Lloyd's started as the L & M Rock Shop, opened by Lloyd Bell and his son in 1969 and situated just down Spruce Street from the current location. After earning her first Gemological Institute of America credential, Bell-Ames took a job at the Rock Shop as a young woman. As the Rock Shop grew, expanding from a hobby store to a competitive jeweler, the original location became insufficient.

In 1982, the now-married Bell and Bell-Ames moved their operation to its current location at the corner of Spruce and 5th Street and changed the name to Lloyd's of Leavenworth, a tongue-in-cheek reference to the famous British insurance market, Lloyd's of London.
While the shop still displays and sells a few mineral specimens, jewelry has become the focus — obvious from the packed display cases lining the walls — with rings, earrings and pendants tucked into every available corner.

Bell-Ames, her husband, John Ames, and daughter, Heather Ames, attend rock and gem shows around the country to find new jewelry trends and to stock up on gemstones and beads for their custom jewelry designs.

"I'm always looking for new ideas and things that other people don't have," says Bell-Ames. "I want to be different from everybody else and most people want their jewelry to be different."
Diamonds fill the cases, but clearly it is the colored stones that spur Bell-Ames's creativity.

"I do like working with customers in loose colored stones, and showing them things they've never seen before, because we have a lot of unusual things here," says Bell-Ames. "You know, things that a lot of jewelry stores don't carry …like an alexandrite or a stone called apatite.
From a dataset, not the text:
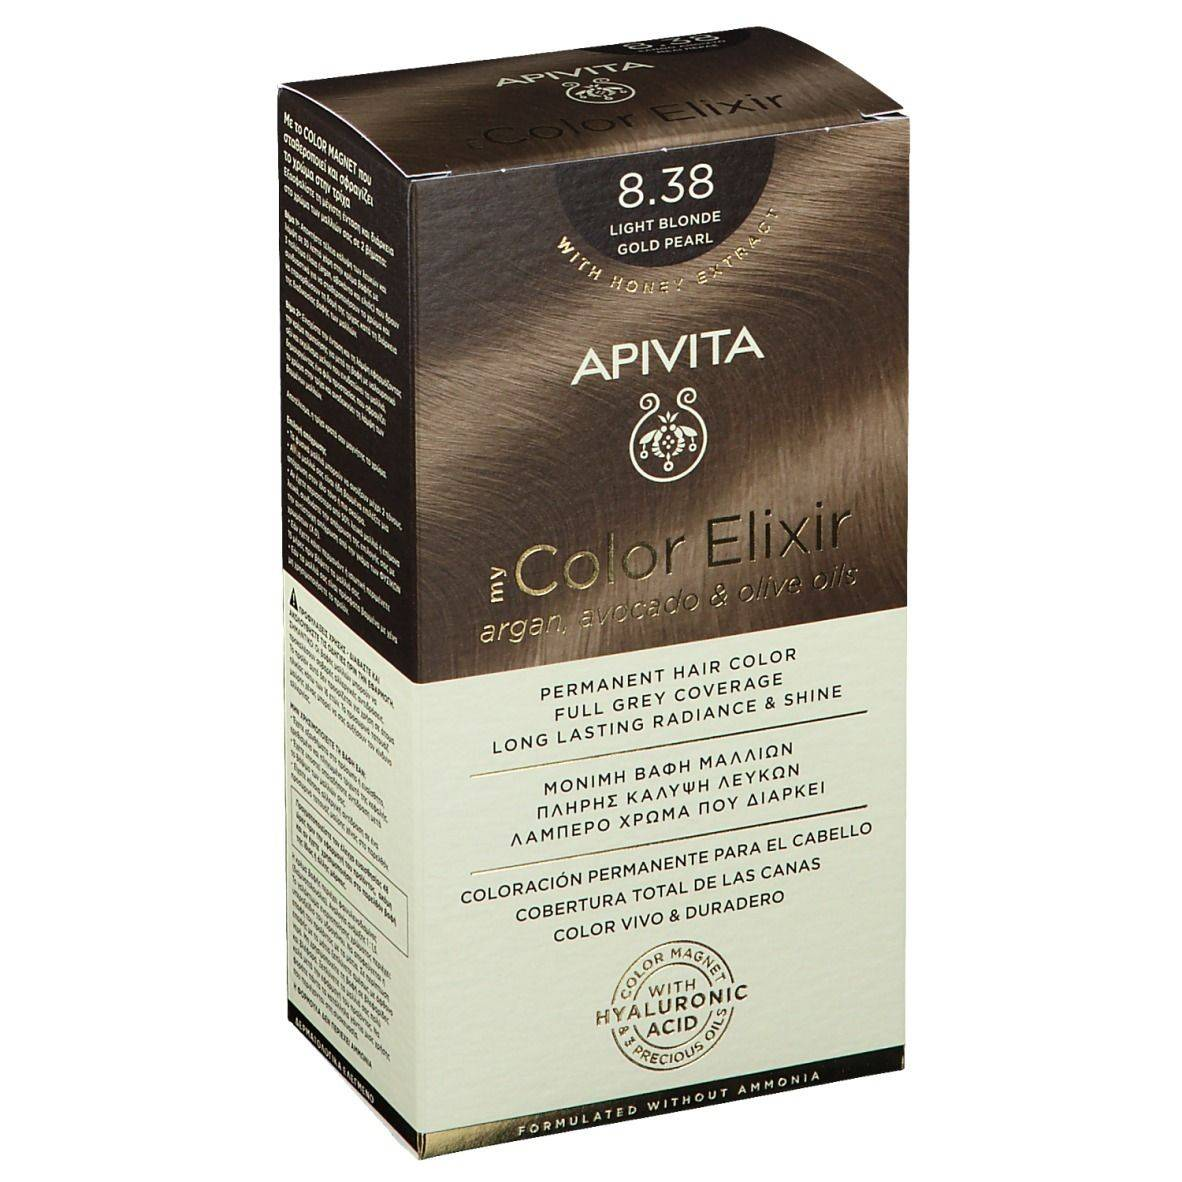 APIVITA My Color Elixir 8.38 Blond claire Gold Pearl ml élixir

There are just all kinds of stones that you don't see all of the time."

Custom design work and repairs are a big part of Lloyd's business now, as are the appraisals Bell-Ames does. As gold prices have increased in recent years, she's seen an uptick in the number of appraisal requests.
"Because of the high price of gold, all of the appraisals people had are (now) wrong," Bell-Ames says. "So a lot of people are having me update their old appraisals, or they are just now realizing, 'Hey, something I had that was worth just a few hundred (dollars) is worth a thousand or more now.'"

One memorable appraisal was a solid gold pocket watch, with a case that opened up like jewel-encrusted ladybug wings. Bell-Ames frequently has to do intensive research, consulting Christie's, Sotheby's or Tiffany to determine an item's provenance and worth.
Another pocket watch, one the family kept, was made in Leavenworth in the 1880s, by a jeweler on Delaware Street.
Listening to Bell-Ames, it is clear that to her every piece they appraise or repair has a personal story behind it.
"We do a lot of re-setting of Grandma's jewelry or saving it," says Bell-Ames. "And I've had a lot of people cry in the store when they see it re-done — it means a lot to them."
John Ames, Bell-Ames's husband, does the actual repair and custom jewelry-making work in the shop – but the whole family pitches in on design consultation.

Bell-Ames says the key to good design is "communication with the customer. So you understand what it is they like, and you make it come out the way they have it in their head."
One common design challenge is a request to combine several pieces of jewelry, or stones from different pieces, into one new design.
A frequent request comes from recent widows, who want to preserve and even wear their husband's wedding ring.
Bell-Ames and Ames often design custom pendants incorporating both rings, as well as any diamonds or other stones, and use the original metals.

"Jewelry is very personal," says Bell-Ames, and Lloyd's strives to commemorate the personal events in their customers' lives.
"There was a piece we made years ago — I got a big kick out of doing it. This lady was up in age and she was in Karate class here in town, and she had got her black belt," Bell-Ames recalls.

The woman's husband commissioned a custom necklace that included a gold pendant with an engraved Karate fighter and colored beads that matched the colors of every belt his wife achieved.
Listening to Bell-Ames talk about her life's work, it is clear that as much as she loves jewelry, it is the personal relationships she develops with customers that keep her rooted in the shop (so much so that she rarely leaves for lunch).

"My favorite thing in the store," says Bell-Ames, "is selling jewelry to couples who have been married for many, many years and it is their anniversary — and maybe all of her married life she wanted that big diamond, or something like that, and finally she gets it. And they know me already and they are so happy and it is so exciting to sell them something like that, and see the enjoyment. That's one of my favorite things."

Heather Ames, Bell-Ames's daughter, has been working in the shop full-time since she graduated high school.
"I grew up here," she says, and she plans to keep the family business going, following in her mother's footsteps by starting her first gemological certification program this year.